User Edit Pencil Streamline Icon: https://streamlinehq.com
Authors (7)
  1. Frederikke Isa Marin (1 paper)
  2. Felix Teufel (2 papers)
  3. Marc Horlacher (1 paper)
  4. Dennis Madsen (3 papers)
  5. Dennis Pultz (2 papers)
  6. Ole Winther (66 papers)
  7. Wouter Boomsma (16 papers)
Citations (20)

Summary

  • The paper introduces BEND, a benchmark that evaluates DNA language models on seven biologically meaningful tasks including gene finding and enhancer annotation.
  • The methodology uses a uniform CNN framework to assess various models, revealing that NT-MS excels in some tasks while struggling with long-range genomic interactions.
  • The results emphasize the need for improved strategies in modeling distant genomic dependencies, guiding future advancements in precision medicine and functional genomics.
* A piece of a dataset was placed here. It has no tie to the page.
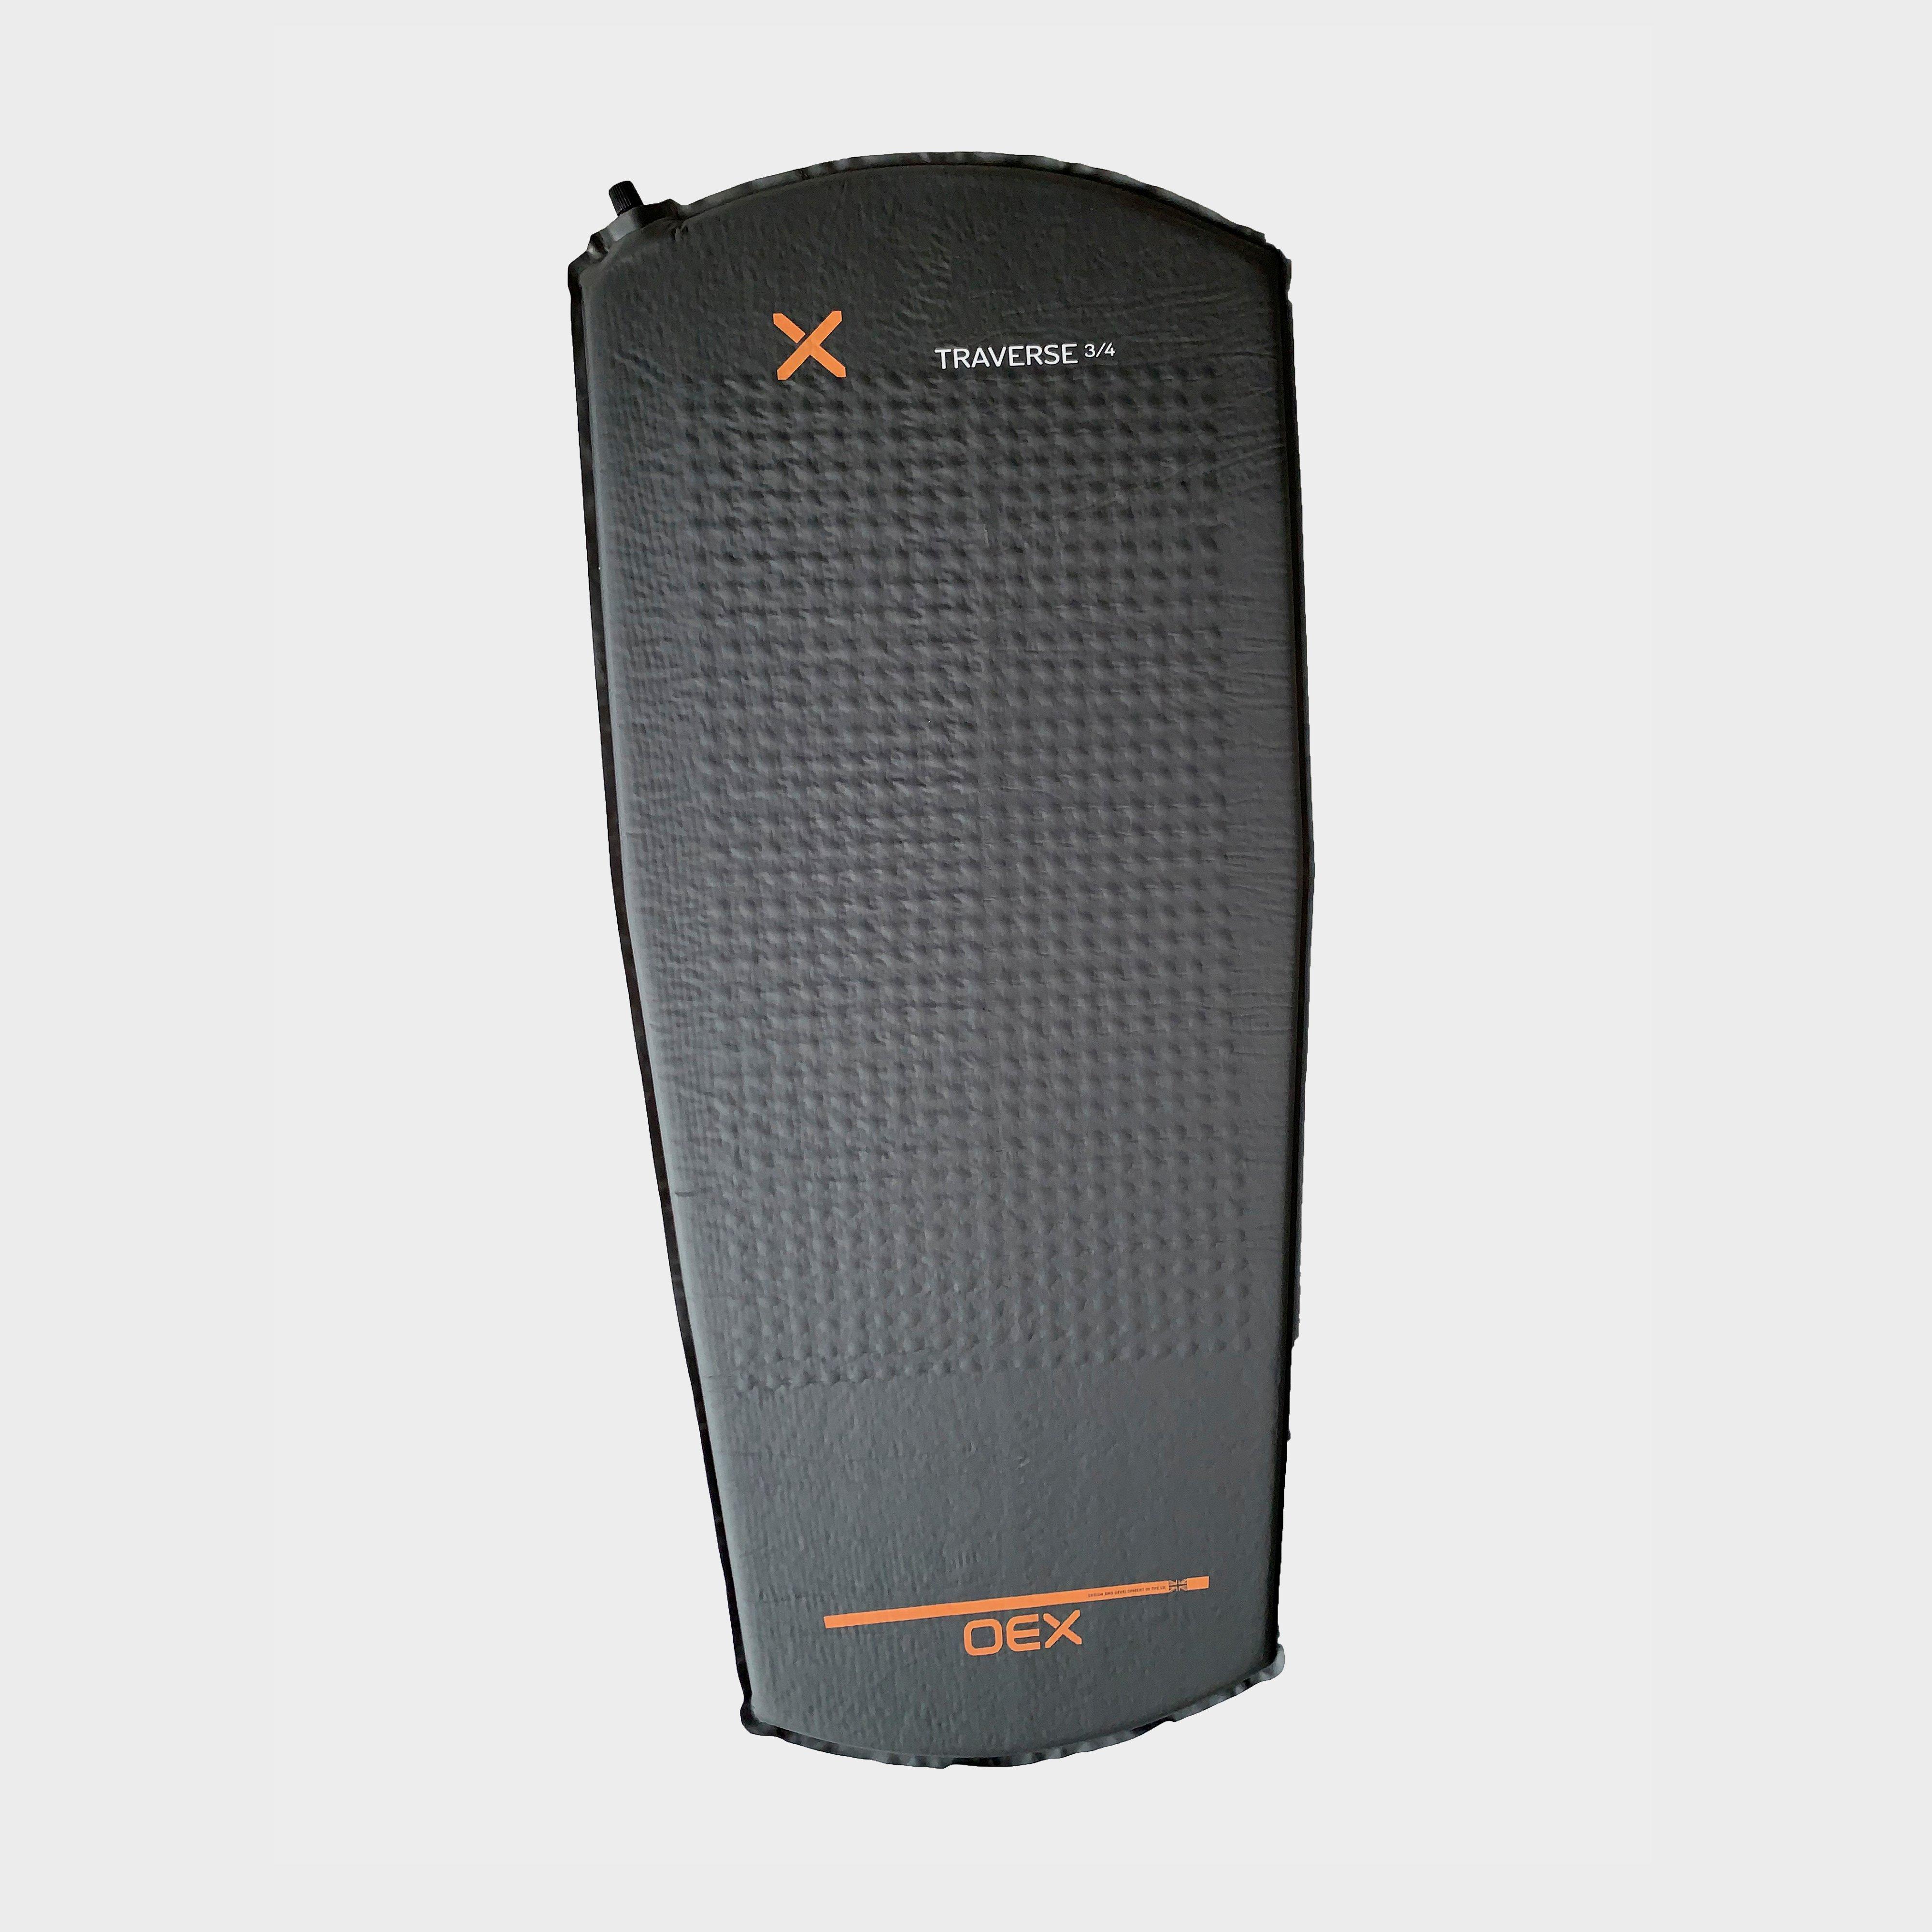 OEX Traverse 3/4 Self-Inflating Mat, CHARCOAL/SIM

Benchmarking DNA LLMs on Biologically Meaningful Tasks

The paper "BEND: Benchmarking DNA LLMs on Biologically Meaningful Tasks" introduces BEND, a benchmark designed for evaluating DNA LLMs (DNA LMs) on tasks derived from biologically significant processes. The rapid advances in genome sequencing contrast with the sluggish pace of annotating functional elements within these genomes, creating a fertile ground for the application of unsupervised LLMs to genomic data. BEND provides a standardized framework featuring seven curated tasks, enabling a comprehensive assessment of DNA LMs' capabilities.

Tasks and Approach

BEND covers a spectrum of genomic tasks, including gene finding, enhancer annotation, chromatin accessibility, histone modification, CpG methylation, and noncoding variant effect predictions. These tasks were selected to represent both local sequence understanding and the potential for capturing long-range genomic interactions. By integrating tasks of varying length scales and features, BEND offers a robust evaluation setup for DNA LMs.

The evaluation leverages a diverse suite of models, including several established DNA LMs like Nucleotide Transformer and DNABERT, alongside newly trained models such as an AWD-LSTM and a dilated ResNet LM. These models are assessed through a uniform framework where a two-layer CNN model processes the embeddings from each LM, keeping the original weights frozen. This approach ensures comparability and isolates the contribution of the unsupervised embeddings to the downstream performance.

Results and Insights

The results highlight the potential and limitations of existing DNA LMs. Notably, the Nucleotide Transformer trained on a multi-species dataset (NT-MS) emerges as a strong performer across most tasks, though it suffers from inconsistent outcomes when compared to specialized methods. For instance, while NT-MS performs comparably to the state-of-the-art gene finder AUGUSTUS, it does not surpass traditional supervised models like Basset for chromatin accessibility.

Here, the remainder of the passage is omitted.